Defining features for CRF

In [116]:
sentence = train_sentences[1]
sent_list = sentence.split()
position = 2

word = sent_list[position]

print(sentence)

print("\nPoS tag of word in isolation\nWord:",word,"--",model(word)[0].pos_,"\n")


print("PoS tag of all words in sentence with context in tact.")
for token in model(sentence):
    print(token.text, "--", token.pos_)


print("\nResult of modified workflow to obtain PoS tag of word at a specific position while keeping context within sentence in-tact.")
cnt = 0
for token in model(sentence):
      postag = token.pos_
      if (token.text == word) and (cnt == position):
          break
      cnt += 1
print("Word:", word,"POSTAG:",postag)

The total cesarean rate was 14.4 % ( 344 of 2395 ) , and the primary rate was 11.4 % ( 244 of 2144 )

PoS tag of word in isolation
Word: cesarean -- VERB 

PoS tag of all words in sentence with context in tact.
The -- DET
total -- ADJ
cesarean -- ADJ
rate -- NOUN
was -- AUX
14.4 -- NUM
% -- NOUN
( -- PUNCT
344 -- NUM
of -- ADP
2395 -- NUM
) -- PUNCT
, -- PUNCT
and -- CCONJ
the -- DET
primary -- ADJ
rate -- NOUN
was -- AUX
11.4 -- NUM
% -- NOUN
( -- PUNCT
244 -- NUM
of -- ADP
2144 -- NUM
) -- PUNCT

Result of modified workflow to obtain PoS tag of word at a specific position while keeping context within sentence in-tact.
Word: cesarean POSTAG: ADJ


As we can see in the analysis above, the PoS tag of the word "cesarean" is not captured correctly if the word is considered individually. However, if the word is considered as a part of the sentence, then it is captured correctly.
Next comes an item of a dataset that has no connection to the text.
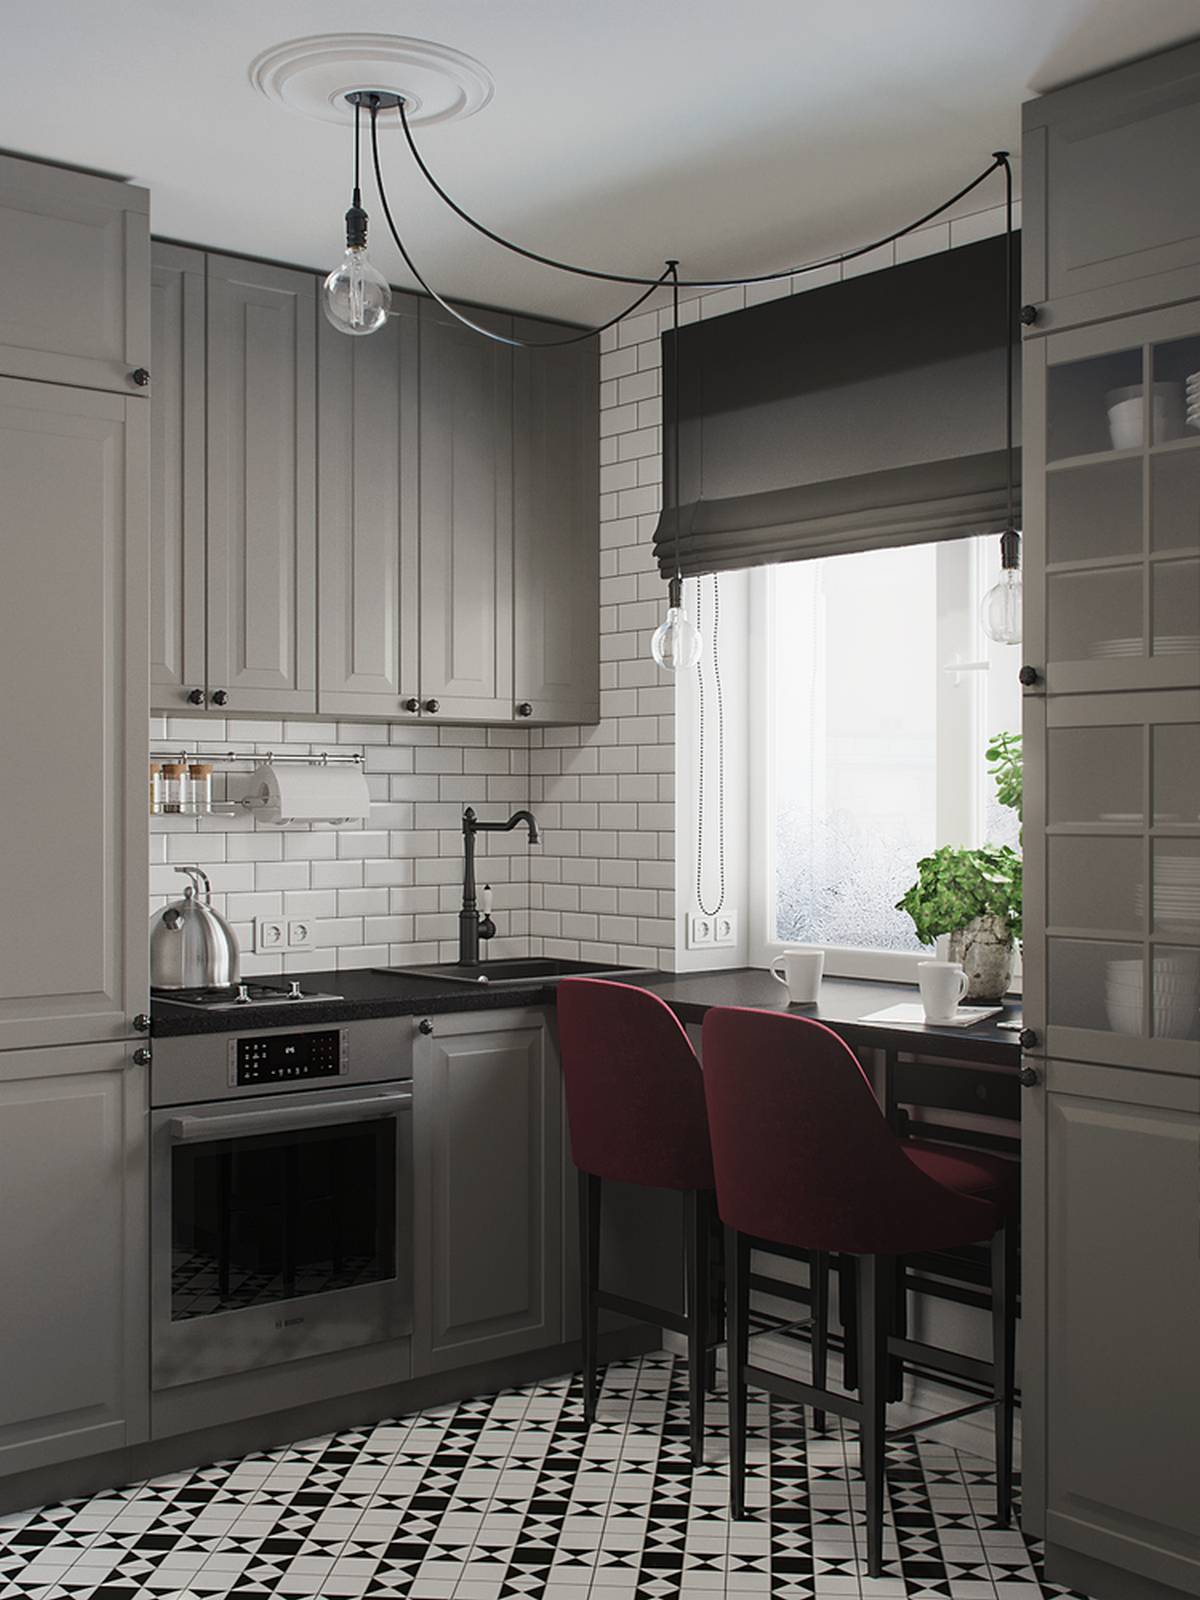 Phòng bếp sử dụng thiết kế kiểu chữ L, là kiểu bếp phù hợp với hầu hết các căn hộ có diện tích vừa và nhỏ. Hệ tủ bếp màu xám bao bọc xung quanh bức tường ốp gạch trắng sáng bóng cũng như sàn gạch tương đồng với lối vào nhà.

Defining a function below to execute this.

In [117]:
def contextual_pos_tagger(sent_list,position):
    '''Obtaining PoS tag for individual word with sentence context in-tact.
       If the PoS tag is obtained for a word individually, it may not capture the context of use in the sentence and may assign the incorrect PoS tag.'''

    sentence = " ".join(sent_list)
    posit = 0
    for token in model(sentence):
        postag = token.pos_
        if (token.text == word) and (posit == position):
            break
        posit += 1
    return postag

In [118]:
def getFeaturesForOneWord(sent_list, position):
  word = sent_list[position]


  features = [
    'word.lower=' + word.lower(),
    'word.postag=' + contextual_pos_tagger(sent_list, position),
    'word[-3:]=' + word[-3:],
    'word[-2:]=' + word[-2:],
    'word.isupper=%s' % word.isupper(),
    'word.isdigit=%s' % word.isdigit(),
    'words.startsWithCapital=%s' % word[0].isupper()
  ]

  if(position > 0):
    prev_word = sent_list[position-1]
    features.extend([
    'prev_word.lower=' + prev_word.lower(),
    'prev_word.postag=' + contextual_pos_tagger(sent_list, position - 1),
    'prev_word.isupper=%s' % prev_word.isupper(),
    'prev_word.isdigit=%s' % prev_word.isdigit(),
    'prev_words.startsWithCapital=%s' % prev_word[0].isupper()
  ])
  else:
    features.append('BEG')

  if(position == len(sent_list)-1):
    features.append('END')

  return features

Getting the features
Write a code/function to get the features for a sentence

In [119]:
def getFeaturesForOneSentence(sentence):
  sentence_list = sentence.split()
  return [getFeaturesForOneWord(sentence_list, position) for position in range(len(sentence_list))]

In [120]:
example_sentence = train_sentences[5]
print(example_sentence)

features = getFeaturesForOneSentence(example_sentence)
features[0]


Cesarean rates at tertiary care hospitals should be compared with rates at community hospitals only after correcting for dissimilar patient groups or gestational age


['word.lower=cesarean',
 'word.postag=NOUN',
 'word[-3:]=ean',
 'word[-2:]=an',
 'word.isupper=False',
 'word.isdigit=False',
 'words.startsWithCapital=True',
 'BEG']

In [121]:
features[4]

['word.lower=care',
 'word.postag=NOUN',
 'word[-3:]=are',
 'word[-2:]=re',
 'word.isupper=False',
 'word.isdigit=False',
 'words.startsWithCapital=False',
 'prev_word.lower=tertiary',
 'prev_word.postag=NOUN',
 'prev_word.isupper=False',
 'prev_word.isdigit=False',
 'prev_words.startsWithCapital=False']

Write a code/function to get the labels of a sentence

In [122]:
def getLabelsInListForOneSentence(labels):
  return labels.split()

In [123]:

example_labels = getLabelsInListForOneSentence(train_labels[5])
print(example_labels)


['O', 'O', 'O', 'O', 'O', 'O', 'O', 'O', 'O', 'O', 'O', 'O', 'O', 'O', 'O', 'O', 'O', 'O', 'O', 'O', 'O', 'O', 'O', 'O']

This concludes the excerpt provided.